### Requirement
Write out the data again in full, exactly as it reads.

....

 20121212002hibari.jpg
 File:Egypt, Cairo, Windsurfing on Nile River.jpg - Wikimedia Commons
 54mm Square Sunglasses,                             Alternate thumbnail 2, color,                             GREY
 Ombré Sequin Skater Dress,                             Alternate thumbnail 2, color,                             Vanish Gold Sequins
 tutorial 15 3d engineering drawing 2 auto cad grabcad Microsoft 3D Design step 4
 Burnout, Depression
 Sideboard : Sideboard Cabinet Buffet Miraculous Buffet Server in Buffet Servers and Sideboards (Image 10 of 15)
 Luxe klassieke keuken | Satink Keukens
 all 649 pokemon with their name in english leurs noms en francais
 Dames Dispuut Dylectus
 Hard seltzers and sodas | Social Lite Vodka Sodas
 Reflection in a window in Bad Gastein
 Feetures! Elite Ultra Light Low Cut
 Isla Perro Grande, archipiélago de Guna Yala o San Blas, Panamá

....

### Exercise answer
 20121212002hibari.jpg
 File:Egypt, Cairo, Windsurfing on Nile River.jpg - Wikimedia Commons
 54mm Square Sunglasses,                             Alternate thumbnail 2, color,                             GREY
 Ombré Sequin Skater Dress,                             Alternate thumbnail 2, color,                             Vanish Gold Sequins
 tutorial 15 3d engineering drawing 2 auto cad grabcad Microsoft 3D Design step 4
 Burnout, Depression
 Sideboard : Sideboard Cabinet Buffet Miraculous Buffet Server in Buffet Servers and Sideboards (Image 10 of 15)
 Luxe klassieke keuken | Satink Keukens
 all 649 pokemon with their name in english leurs noms en francais
 Dames Dispuut Dylectus
 Hard seltzers and sodas | Social Lite Vodka Sodas
 Reflection in a window in Bad Gastein
 Feetures! Elite Ultra Light Low Cut
 Isla Perro Grande, archipiélago de Guna Yala o San Blas, Panamá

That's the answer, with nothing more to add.